As with Trump himself, I think her most winning quality is how easy she is to relate to.
Will he end up donating to her campaign? Maybe we’ll find out when he addresses CPAC on Friday.
“All reports indicate Ashley Judd will be running for Sen. McConnell’s seat,” Trump wrote. “She’s going to be a great candidate. …Re: Ashley Judd: Keep @KarlRove away. He already made her a viable candidate.”
Asked to clarify the remarks, Trump told POLITICO in a statement: “Ashley Judd’s candidacy was created by Karl Rove’s terrible ads; even before she thought seriously about running. The ads made her look great and now she probably will run.”
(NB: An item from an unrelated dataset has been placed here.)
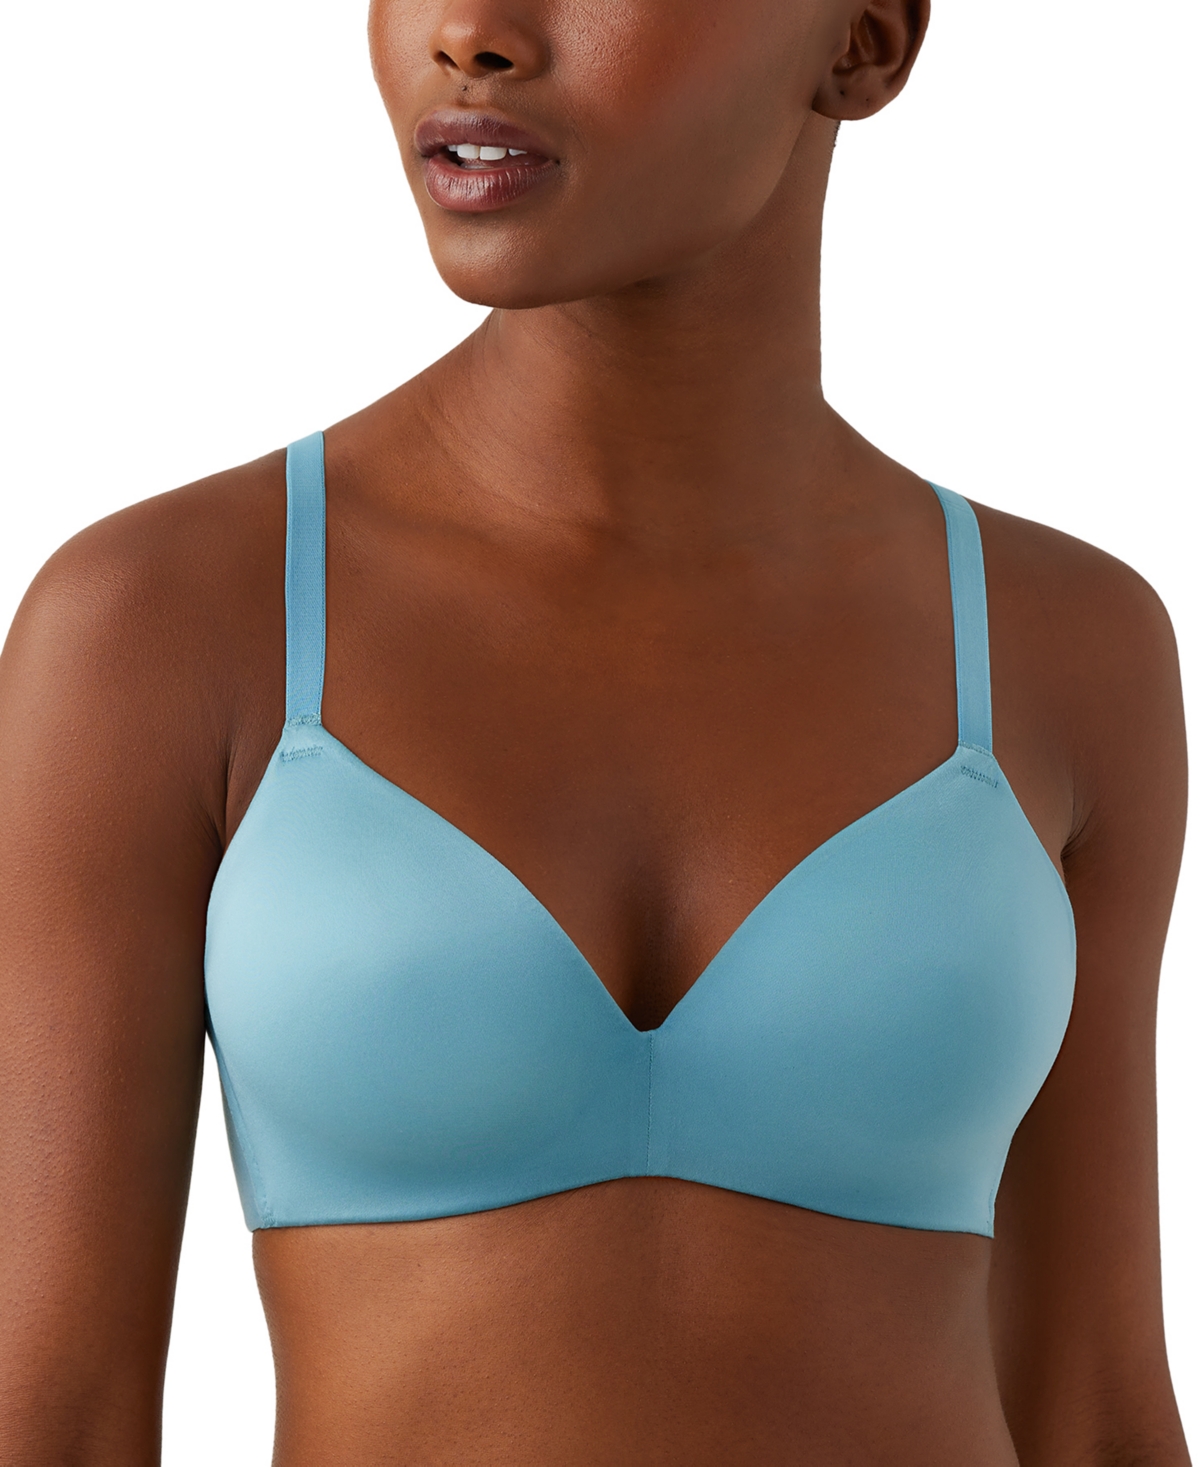 by Wacoal Women's Future Foundation Wire-Free Bra 956281 - Au Natural

Lots more on this at the boss emeritus’s site, Twitchy. Here’s Rove’s ad in case you missed it last month. It’s perfectly fine; every Republican attack ad against her for the rest of the campaign will run along the same lines. And if Trump’s right that the early Crossroads attack on Judd baited her into running, so much the better: She’s not the strongest potential opponent for McConnell in Kentucky. But Rove-bashing is key to Trump’s conservative cred at the moment, even if it means touting a hard-left liberal as a pretext for doing it, so there you go. Expect lots, lots more on Rove in his CPAC speech, I’ll bet.
Meanwhile, back in reality, Kentucky Democrats stare into the abyss and wonder, “Are we really about to do this?” Maybe not:
“She’s gonna have a tough row to hoe,” said Jim Cauley, who ran Gov. Steve Beshear’s 2007 campaign and also worked on President Obama’s 2004 Senate campaign. “She doesn’t fit the damn state. That’s her problem. I don’t think she fits the voters of the state of Kentucky.”…
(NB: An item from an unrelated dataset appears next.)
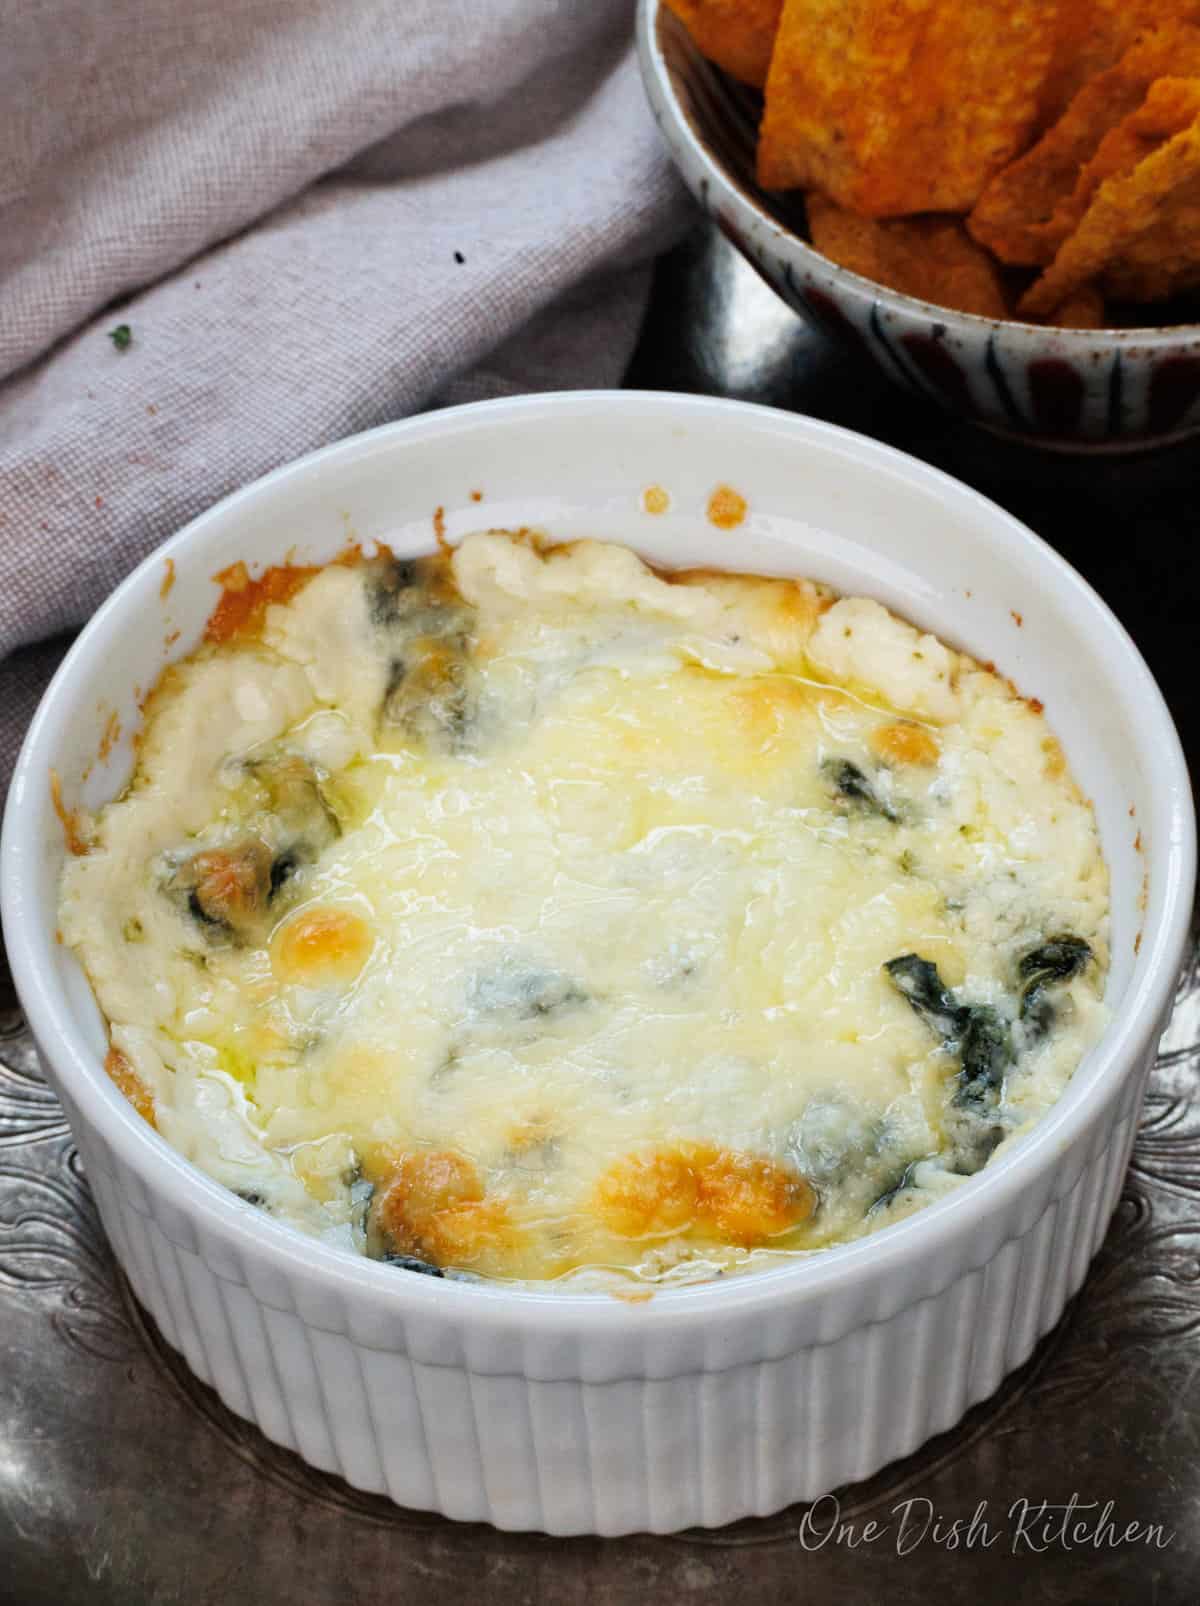 a small hot spinach dip in a bowl next to a plate of chips.

“I’m in this to win it, and I don’t believe Ashley Judd is in it to win it,” said Nathan Smith, a leading Kentucky Democratic donor, who is also the head of the Manufactured Housing Institute. Smith helped raise money for Sen. Sherrod Brown of Ohio, Sen. Joe Donnelly of Indiana, and Beshear. He’s hosted Hillary Rodham Clinton at his house. He said he called Judd about 10 days ago, prepared to give his advice to the actress, but hasn’t heard back.
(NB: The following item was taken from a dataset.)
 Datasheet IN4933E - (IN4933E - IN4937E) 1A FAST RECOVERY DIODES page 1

“If she was to call me tonight, I would give her some advice and I doubt that she’d be excited to come back for round two of that conversation. I don’t care how many movies she’s made.” Smith said…
“Electing Ashley Judd gets a Republican Legislature elected. That’s what I see at stake here. Your perspective is different if you’re in New York or Los Angeles. They don’t live here. We do. Judd’s candidacy makes it seamlessly easy to Obama-ize this election,” one Kentucky Democratic strategist said.
At Mediaite, Noah Rothman wonders if Judd is the Democratic Todd Akin insofar as the base wants her to run while the party establishment is terrified. Does the progressive base want her to run? There’s knee-jerk support for her on lefty blogs when our side makes fun of her but I don’t know if they’re clamoring to take their best shot at Mitch McConnell with a deep blue candidate in a reddish state. Just today, Steve Kornacki’s got a piece up at Salon reminding progressives that a hyperliberal is, perhaps, not the shrewdest choice for nominee in this case. Nate Cohn argues similarly at TNR. The left will back her dutifully if she’s the nominee but don’t be surprised if they’re less than dutiful before then, even if Judd ends up in a primary.
Oh, almost forgot — per National Review, Trump is slated to have slightly more speaking time at CPAC than Rubio, Rand Paul, Jindal, or Paul Ryan. Exit question: Maybe … Trump’s trying to bait her into running too because he knows she’ll be easier for McConnell to beat? Maybe?